AI and ML

Cover photo by Conny Schneider https://unsplash.com/@choys_

ML Introduction

Welcome to my Machine Learning and AI notebook.

🧱 AI and ML Fundamentals

🗃️ Data Collection and Annotation

📚 LLMs

ML Best Practices

Machine learning is a complex and multifaceted activity that requires the combination of a number of success factors in order to work. In order to execute machine learning well, it is important to have a good understanding of the processes and variables that frequently come into play together. Here I document and lay out some of the best practices and ML processes that I have learned and continue to learn during my career.

A personal bugbear of mine is when people refer to machine learning as "an art rather than a science". It is true that machine learning involves random-seeming aspects that could be conflated with magic or wizardry. There are a lot of ways that poorly thought-through or executed machine learning projects can go wrong. However, there are well established protocols and principles that can guide a project towards success and we can execute projects in a risk-averse, incremental way allowing us to fail fast before a large amount of time and energy has been spent on a project.

Key Principles

Garbage In; Garbage Out

Machine learning is all about trying to infer statistical relationships between data. There are a lot of reasons why this might not work well which we will explore in depth. It's always important to remember that if you have bad data or a flawed hypothesis, your model is not going to perform well. Conversely, if your model is performing really well (perhaps "too good to be true" levels of well ) this can be a red flag that something is wrong with your data or your process which leads into...

Professional Pessimism

I love this phrase that I picked up during my career stint as a QA Engineer. If something appears to be too good to be true, it probably is. Always question your results and double check your working. Typically if a machine learning model is achieving high-90% in appropriate performance metrics, it is worth your time to investigate whether something weird is happening. You may have training data in your test set (i.e. your model got hold of the exam answer sheet) or your model may have found a short cut. For example, if all the positive examples of fractured ribs come from x-rays of women and all the negative examples come from x-rays of men then the model may have just learned to separate male and female anatomy rather than what a fractured rib looks like.

Keep it Simple, Stupid (KISS)

As tempting as it might be to want to use the latest and greatest ML models, always start with the simplest approach possible and disqualify these approaches based on sound theoretical rationale or empirical experimentation:

Keep Receipts

Machine Learning is usually an iterative process. As you move through this process it is important to understand where you came from and why at all times and to be able to refer back to earlier results and hypotheses. Furthermore, in a business setting, you will likely be asked questions about how work that you did days or weeks ago compares to your current iteration of thinking. 

Keeping receipts is about using simple tools (good note taking and ticket hygiene) in combination with more specific purpose-built AI and ML tooling to ensure that you can answer these questions at all times.

Deep Learning Best Practices

For deep learning I like to work with torch. My opinion on how torch code should be written aligns quite closely with this styleguide

Model Quantization

Deploying models that are performant (obviously statistically but in this context I primarily mean computationally) is challenging when you are working with large models such as BERT etc.

Quantization involves compressing model weights into smaller, more efficient representations.
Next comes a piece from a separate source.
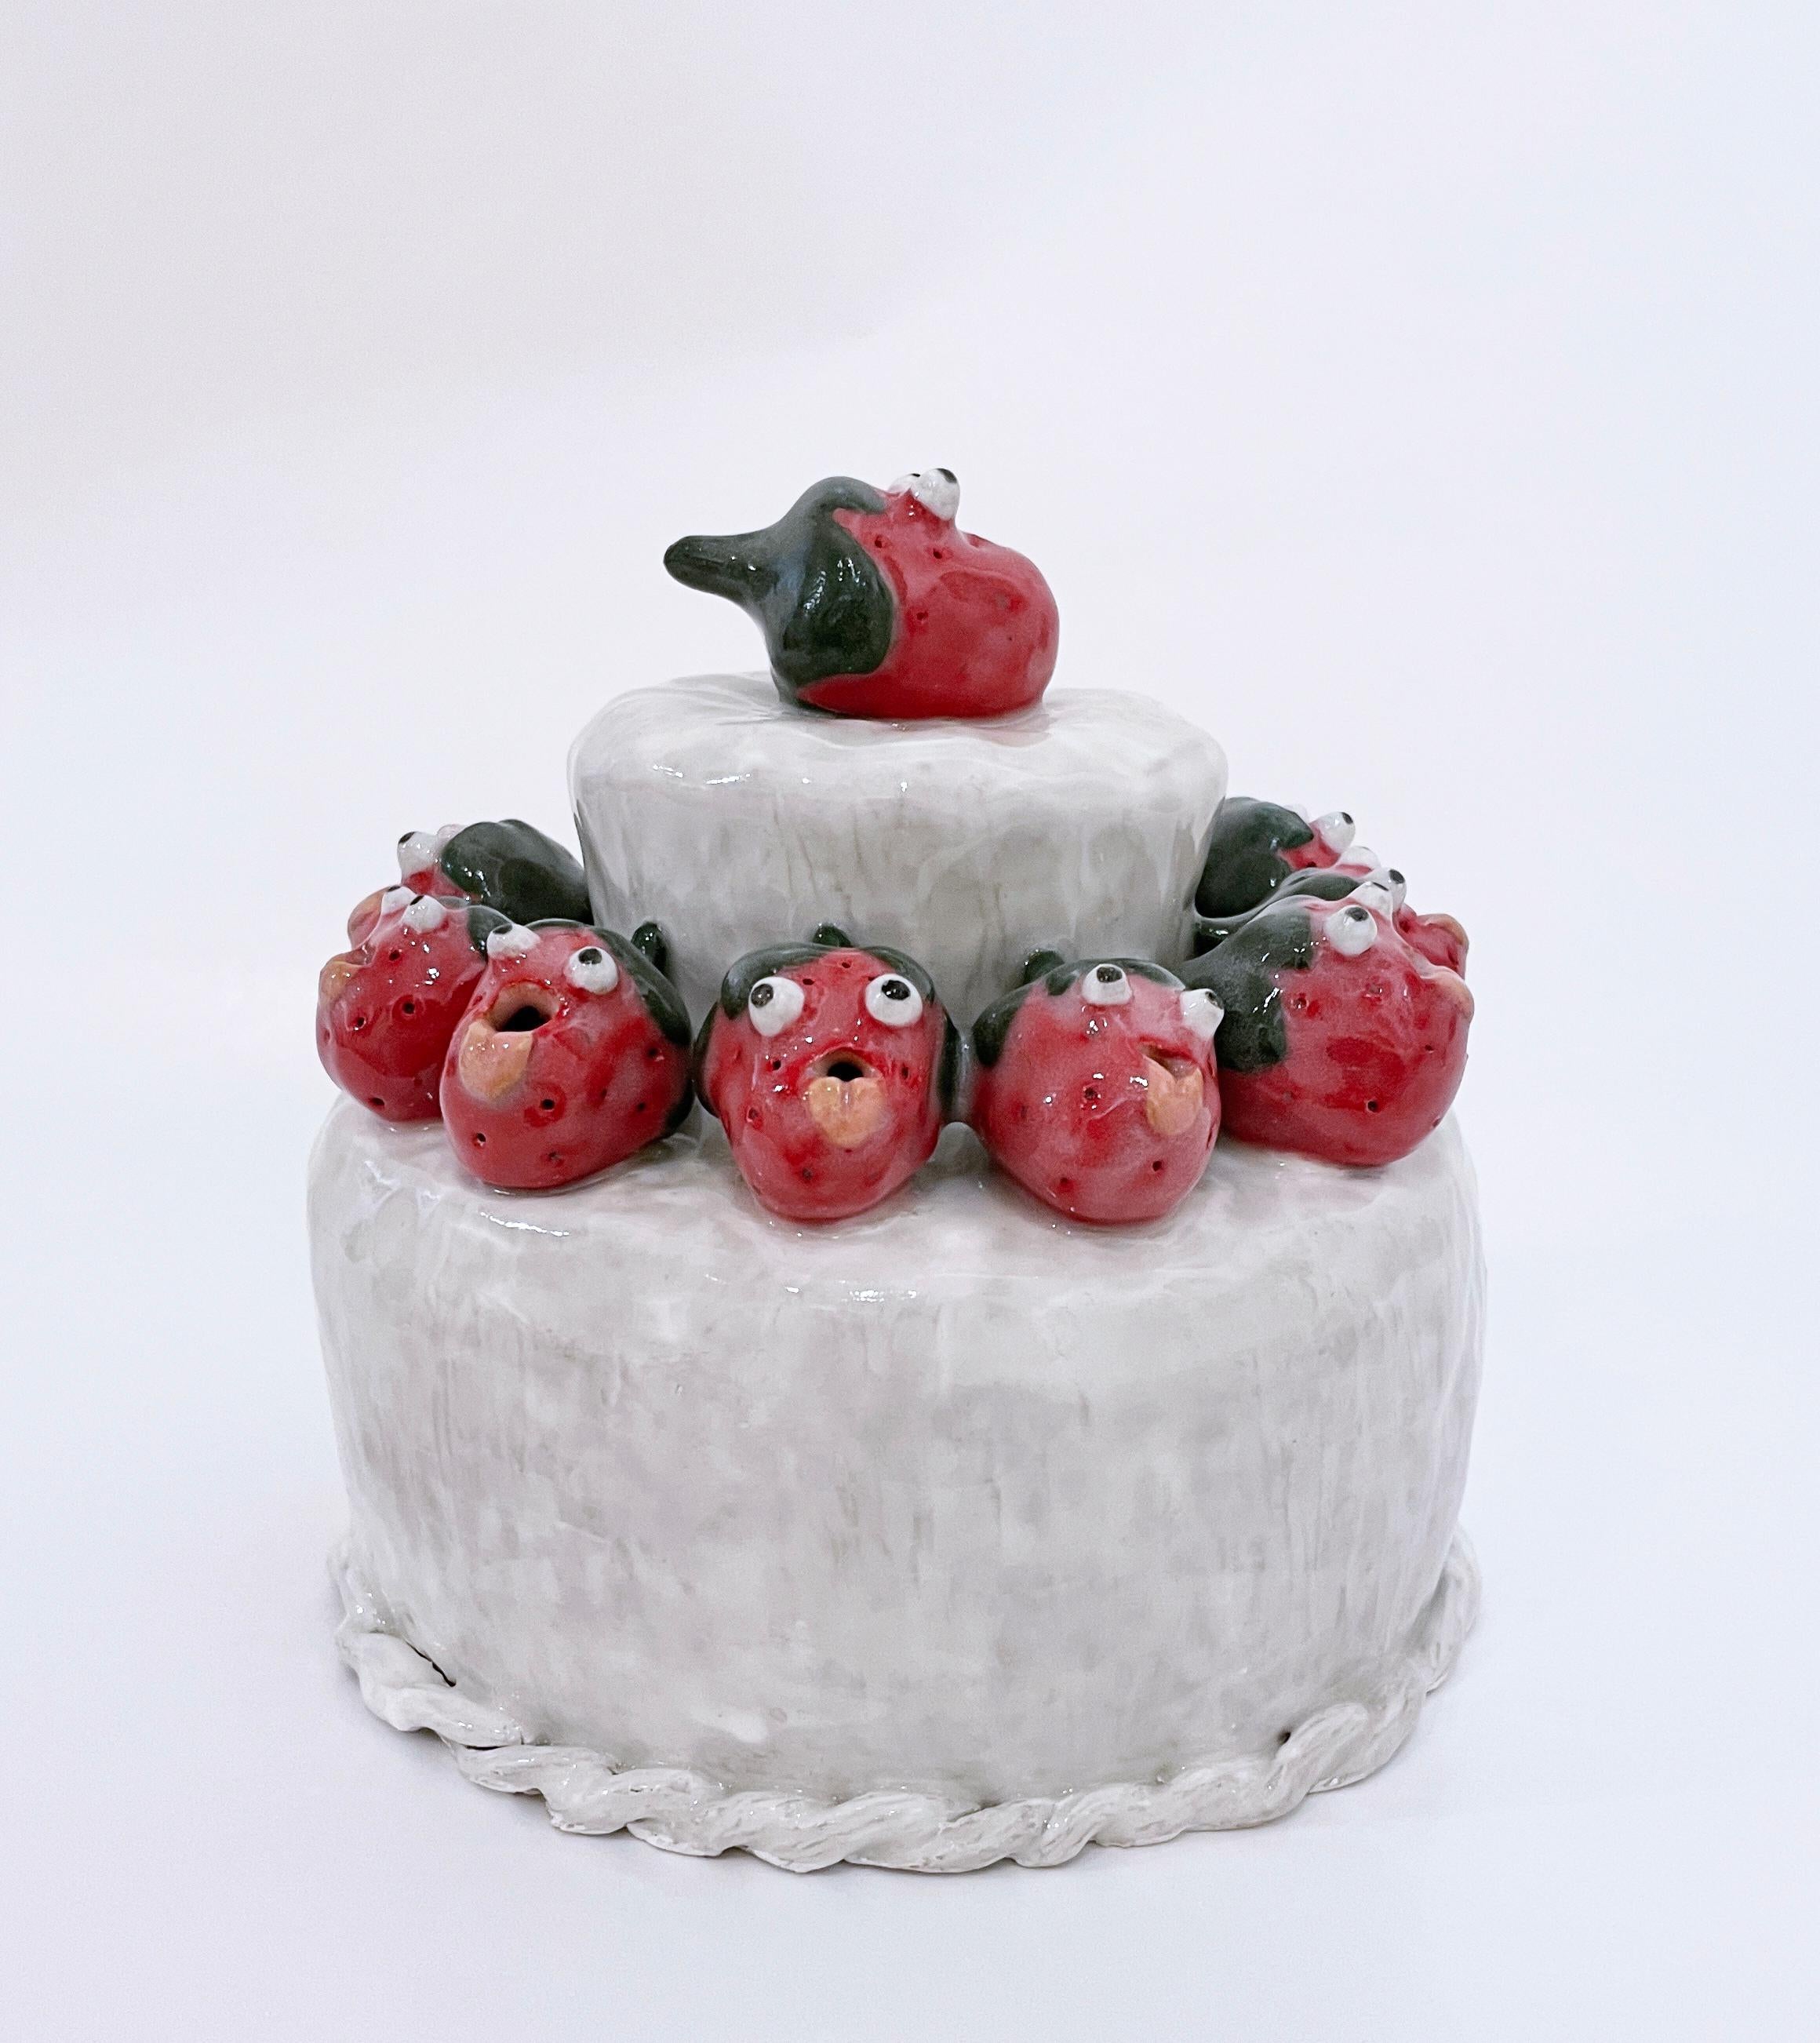 Happy Birthday (2022), Glazed ceramic cake sculpture with strawberry faces - Sculpture by Sarah Hughes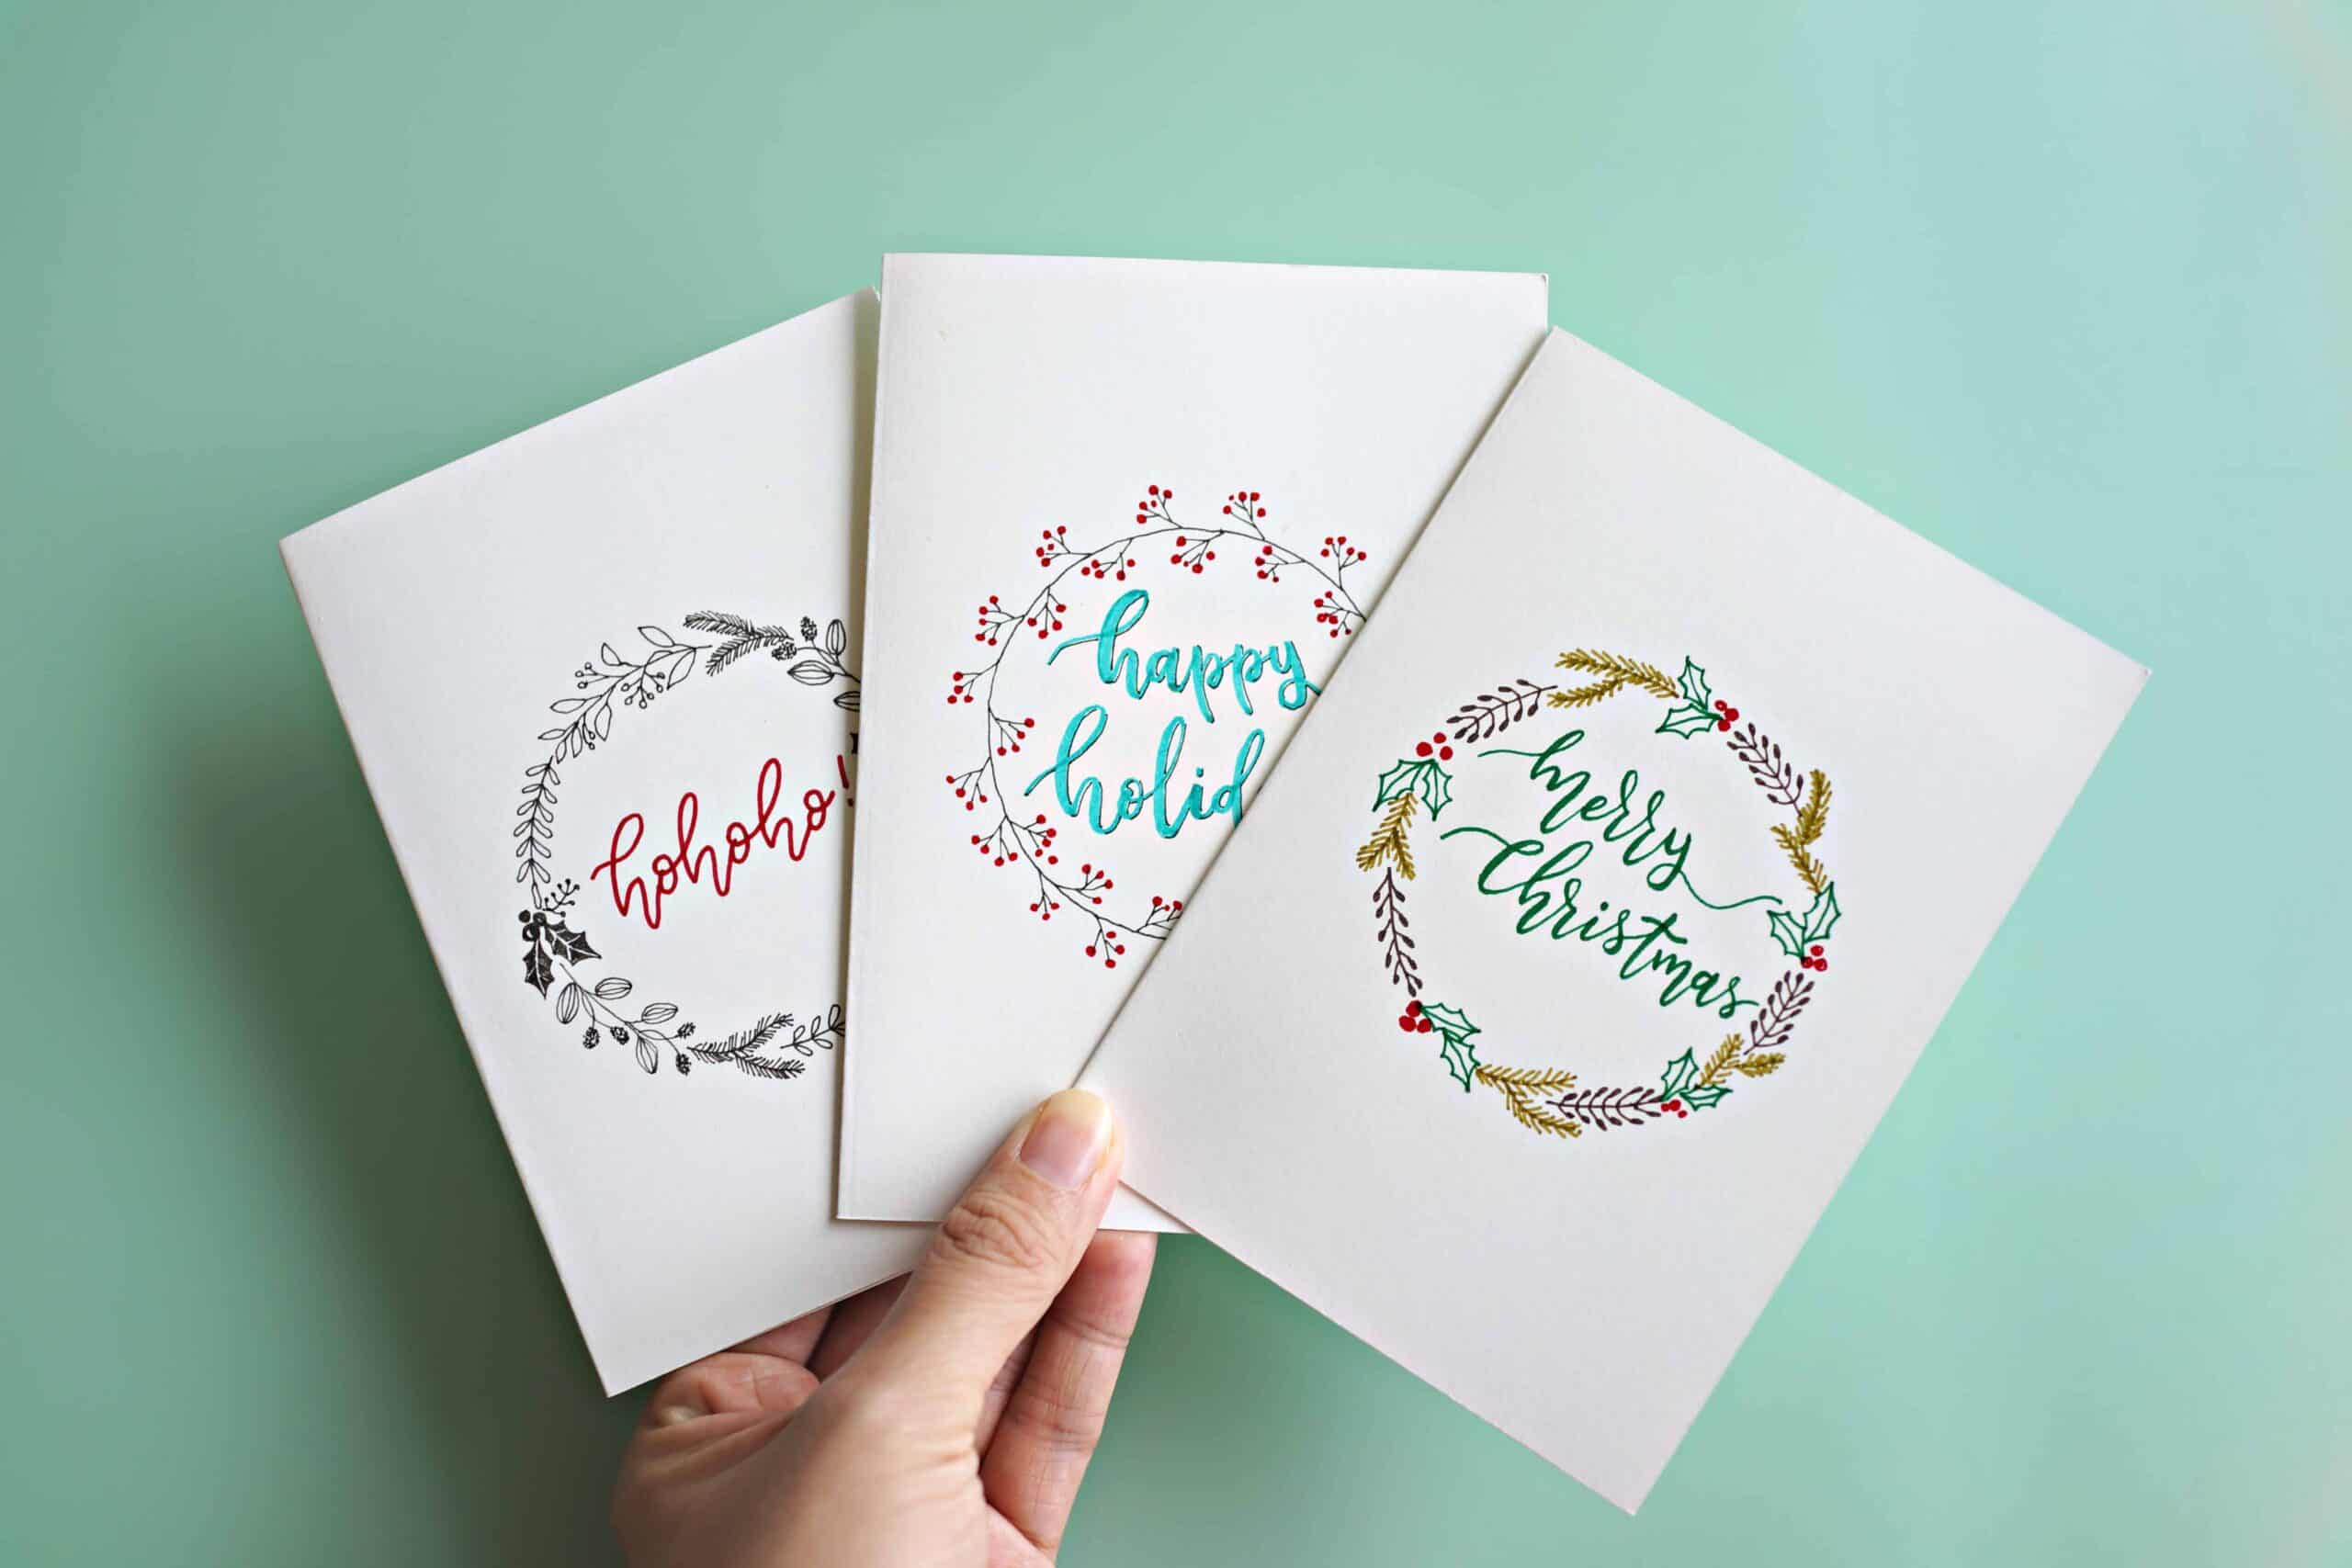 How to Print on Cardstock

Weights are normally stored as 32 bit floating point numbers but they can be compressed into 8 bit integers with a very small amount of performance loss.

This article talks about how to do quantization effectively (mirror).

Quantization with Optimum and OpenVino

Openvino is an open source framework from Intel that provides quantization and x86 CPU support for torch and huggingface transformers.

SpaCy GPU

Set Up Environment

It's relatively easy to use SpaCy with a GPU these days.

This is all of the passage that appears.